British law enforcement officials have begun a preliminary investigation into whether a lawmaker who vehemently opposed the U.S.-led war on Iraq misused money from an Iraqi aid charity he runs.
In addition, the governing Labor Party is investigating separate allegations that George Galloway also received money from Saddam Hussein's regime through the oil-for-food program, as reported by The Daily Telegraph.
Galloway, an outspoken Labor Party lawmaker, denied the report, calling it part of a "smear campaign" against war opponents and said he had begun legal proceedings against the newspaper.

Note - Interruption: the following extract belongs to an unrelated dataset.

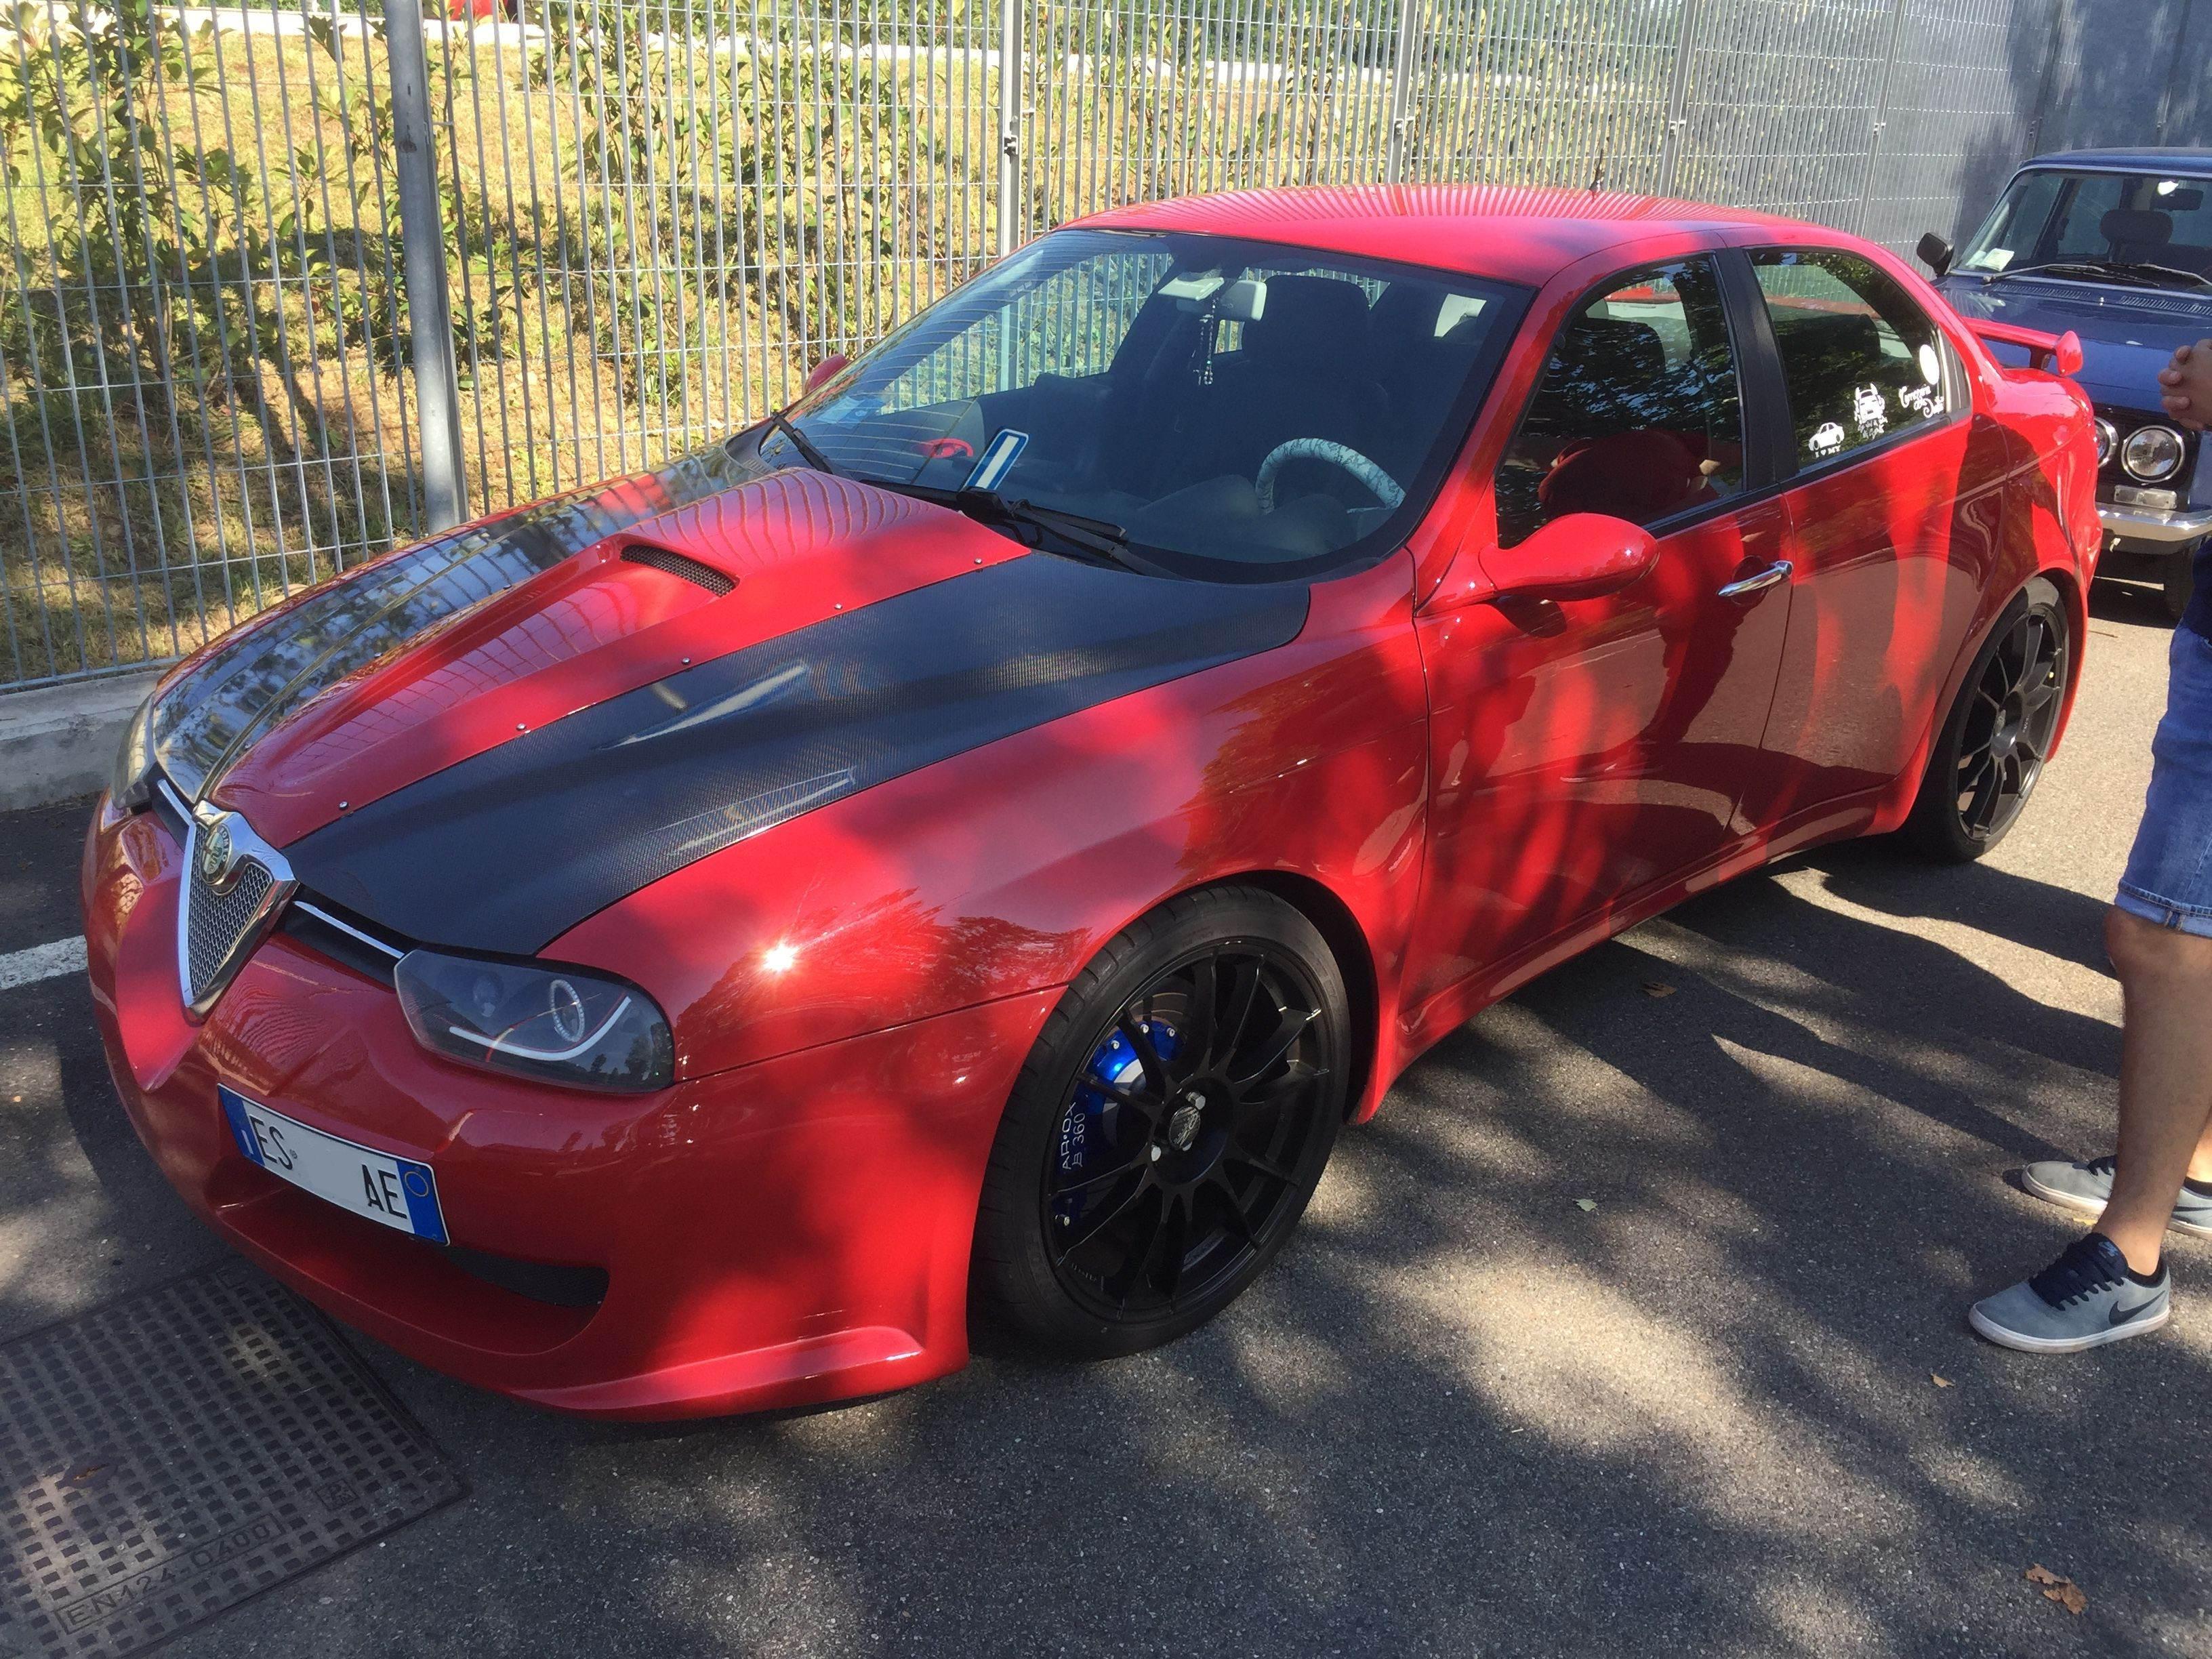 foto Alfa Romeo day 2019 - 5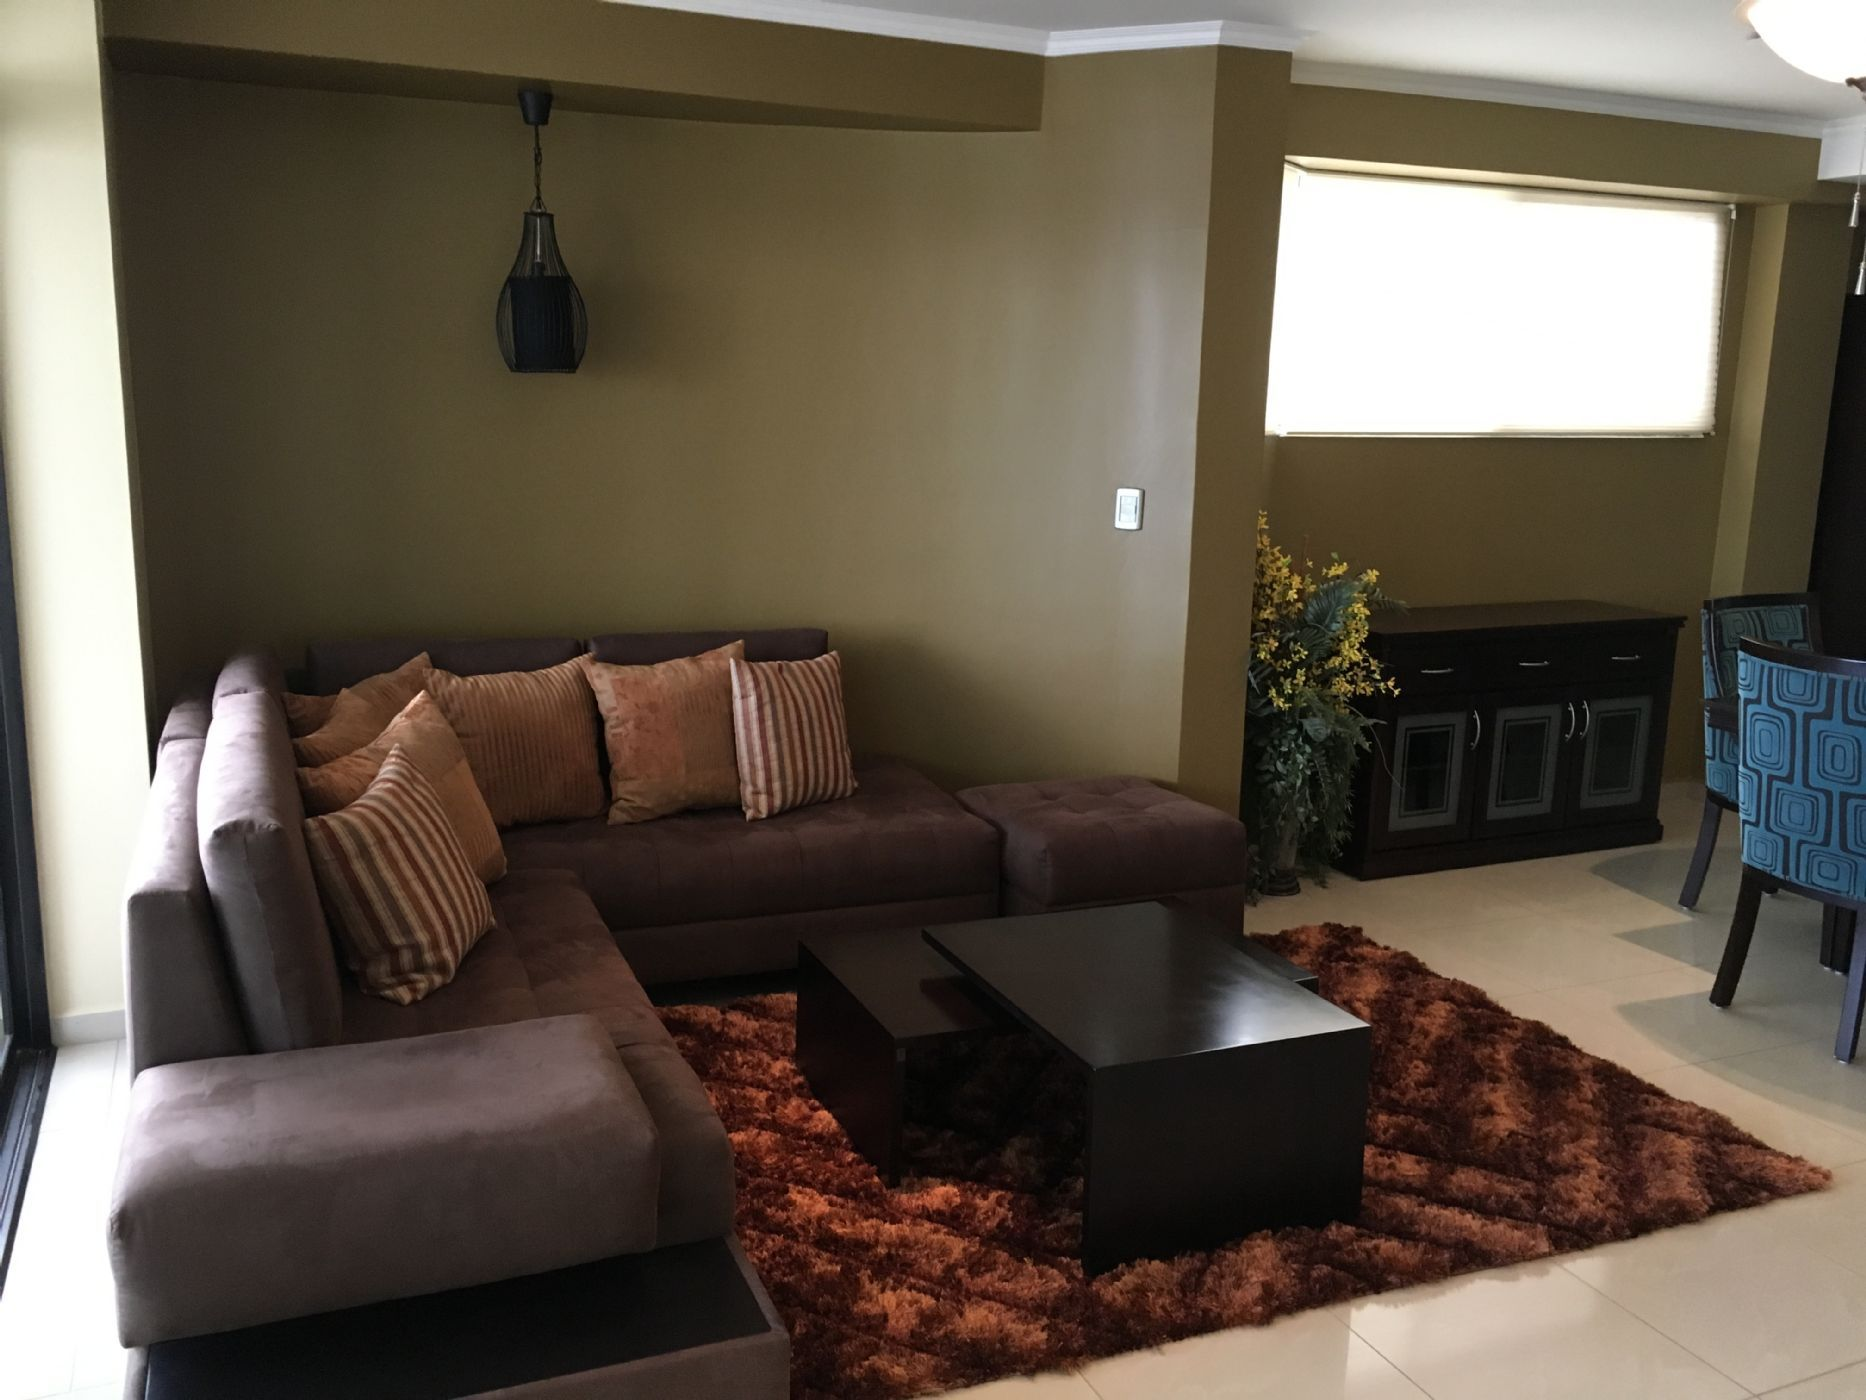 Salinas-Ecuador-property-495688-11.JPG

"I have never solicited nor received money from Iraq for our campaign against war and sanctions," Galloway said in a statement.
Labor Party chairman Ian McCartney said his party would investigate the "extremely serious" allegations.
The newspaper said its correspondent in Baghdad had seen a memo to Saddam from the Iraqi intelligence service saying Galloway had asked for a larger cut of Iraq's exports under the oil-for-food program.
The January 2000 memo said Galloway received 10 cents to 15 cents from each of 3 million barrels of Iraqi oil a year, according to the newspaper. Under U.N. sanctions imposed after the 1990 invasion of Kuwait, Iraq was allowed to sell some oil to buy humanitarian supplies.
The newspaper reported that the memo said Galloway also had entered into partnership with an Iraqi broker to sell oil on the international market.
The Daily Telegraph said the memo was signed by the Iraqi intelligence chief, although the signature was illegible.
The newspaper said its reporter found the document and other files in Baghdad's looted Foreign Ministry.
In its Wednesday edition, the newspaper reproduced a memo allegedly written in response to the request by a senior aide to Saddam. It said Galloway had asked for "exceptional support which we cannot afford."
Galloway said the documents were forgeries or had been doctored and were part of a "smear campaign against those who stood against the illegal and bloody war on Iraq and against its occupation by foreign forces."
"I have never seen a barrel of oil, never owned one, never bought one, never sold one," Galloway said.
Daily Telegraph editor Charles Moore told Channel 4 television news: "We are completely confident. This is very straightforward, enterprising journalism."
Galloway also leads an anti-sanctions charity, the Mariam Appeal, and has traveled to Baghdad several times to deliver aid. The organization was set up in 1998 to raise funds for medical treatment for an Iraqi girl suffering from leukemia.
Galloway said the appeal was funded largely by the governments of the United Arab Emirates and Saudi Arabia and by Jordanian businessman Fawaz Zureikat.
Zureikat told The Associated Press in Jordan he was a donor, coordinator and supporter of the Mariam Appeal, and the document in The Daily Telegraph report was "fabricated."
Separately, The Times of London reported Wednesday that officials were investigating whether Galloway had misused money from the charity to pay for travel expenses.
A spokeswoman for Attorney General Lord Goldsmith confirmed officials were looking at whether Galloway had misused the charity's funds, but said the investigation was at a "very, very early stage."
Galloway has long opposed his government's policy on the Middle East. In an interview with Abu Dhabi TV last month, he called for Arab nations to "stand by the Iraqi people," and for British soldiers to refuse to fight.
The comments provoked condemnation from other Labor politicians and calls for Galloway to be expelled from the party.